Mis à part quelques poèmes de composition où la poétesse joue avec les mots et les formules, voire avec des références littéraires, l’ensemble des poèmes prend sa source dans une grande sensibilité, avec pudeur et retenue, ce qui donne à mon sens plus de force à la poétique des vers publiés. Il est à noter que dans ce recueil, Lynda Chouiten rend hommage à la poétesse Amina Mekahli suite à son décès le 8 mai 2022. 

Dans ce poème en guise d’adieu les premiers vers décrivent parfaitement la poétesse disparue, sa sensibilité et sa personnalité hors du commun : 
 

«Ce sont ceux qui ne ressemblent qu’à eux-mêmes
Qui nous manquent le plus 
Quand vient l’heure d’emporter au loin
Son baluchon de souvenirs et de rêves.»
 

Une tristesse et un certain mal-être traversent ces poèmes.

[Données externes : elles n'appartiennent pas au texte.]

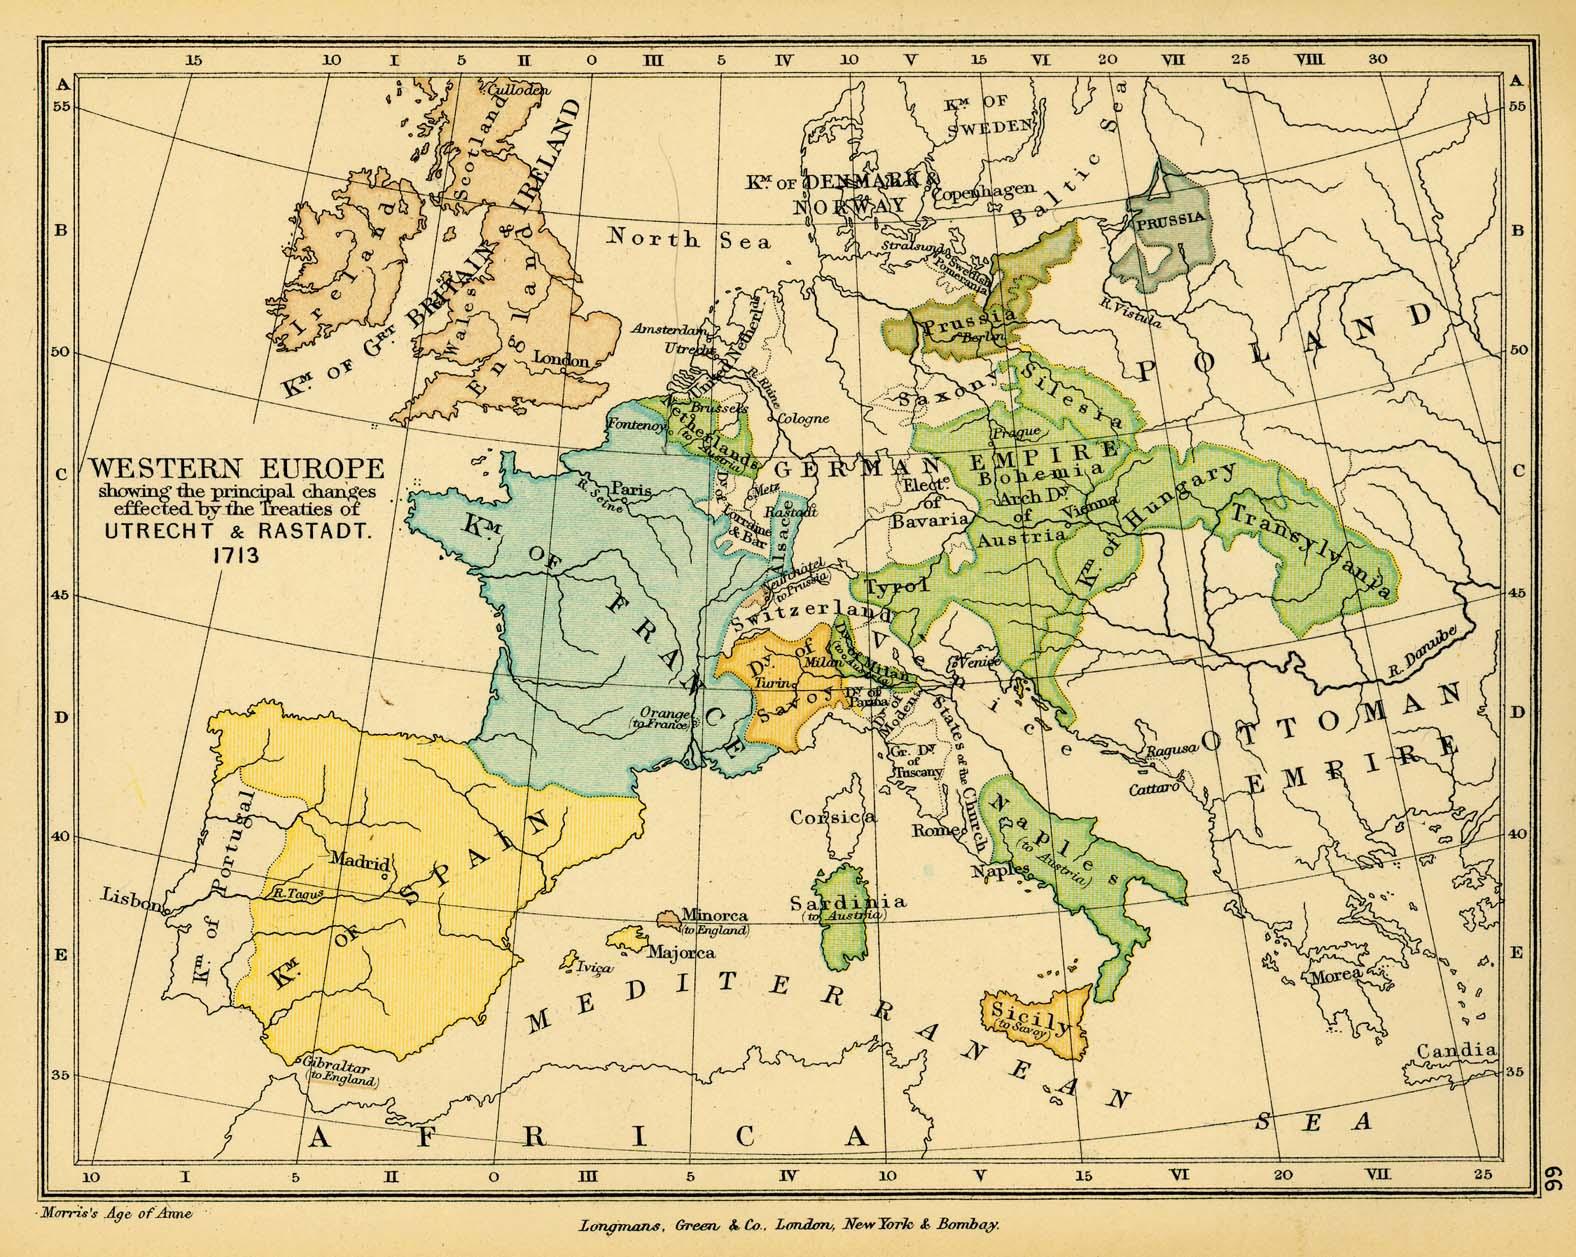 Western Europe after the  Treaties of Utrecht & Rastatt 1713

Cela transparaît dans les titres choisis qui en disent long sur l’état d’esprit de la poétesse comme J’ai traversé les désert, A l’abri du monde, Secrète, Tu aurais dû rester, Femme sans corps», Sans mémoire, Triste bonheur, Absence, Comment assassiner un poème, Noyade ou encore Un volcan s’est éteint. 

Force est de constater que ce sont des signaux révélateurs d’expériences de vie qui semblent difficiles dans J’ai connu les déserts avec leurs vastitudes arrogantes. 

Ce qui apparaît douloureux et qui s’exprime dans plusieurs poèmes, c’est le fait de se sentir étrangère dans un environnement qui change, comme dans ce vers qui dit une préoccupation latente et existentielle :
 

« Étrangère parmi vous, bien que vous soyez les miens
 

Comme je le suis ailleurs, sous des ciels moins bleus»
 

Et l’angoisse se lit aussi dans ce vers :
 

«Étrangère aussi dans ce corps que je ne reconnais plus
Et jusque dans ma tête capricieuse et changeante.
 

Il y pleut tout le temps sous les nuages secs de Tizi »…
La force des mots et leur agencement marquent un territoire d’une écriture révélatrice d’un état qui fait mal à l’âme, un terme qui revient comme un leitmotive.  Ainsi, la poétesse dit grâce à la force des mots :
«J’ai fui ta tyrannie mon âme :
 

Loin de ton visage qui sourit peu» …
 

Ou encore : «Mon âme se dévêt». Elle évoque cette âme qui demeure un rempart qui la sauve comme dans ce poème :
 

« Je vends un peu de mon âme 
Aux diables qui m’entourent …
Je vends un peu de mon âme
Et m’achète un semblant de vie » …
 

Par ailleurs, sans être ouvertement féministe Lynda Chouiten crie la défense des femmes dans Femme sans corps  en leur conseillant :
 

«Enduisez-vous de plomb
 

Et construisez-vous une identité solide»…
 

Dans cette thématique, elle révèle dans un autre poème ce mal-être : «Ma tour d’ivoire n’a d’ivoire que le nom.» Avec délicatesse, elle dit qu’elle étire sa «jeunesse à l’infini» face au temps qui passe si vite. 
 

A remarquer que Lynda Chouiten n’est pas sourde aux bruits du monde africain quand elle fait allusion à cette Méditerranée qui se transforme en cimetière : 
 

«Et ils s’en vont, l’un après l’autre, dans une file interminable
Dans des embarcations de fortune
Non pour saluer le monde
Mais pour étreindre la mort.»
 

Cela rappelle si fort le dernier tragique événement au large des côtes grecques. Je conclurai en affirmant que ce recueil de poésie relève de l’intime qui s’écrit avec une grande maîtrise du verbe et de la métaphore. «J’ai connu les déserts et autres poèmes» mérite le détour, car y sont livrés des poèmes à lire et à relire.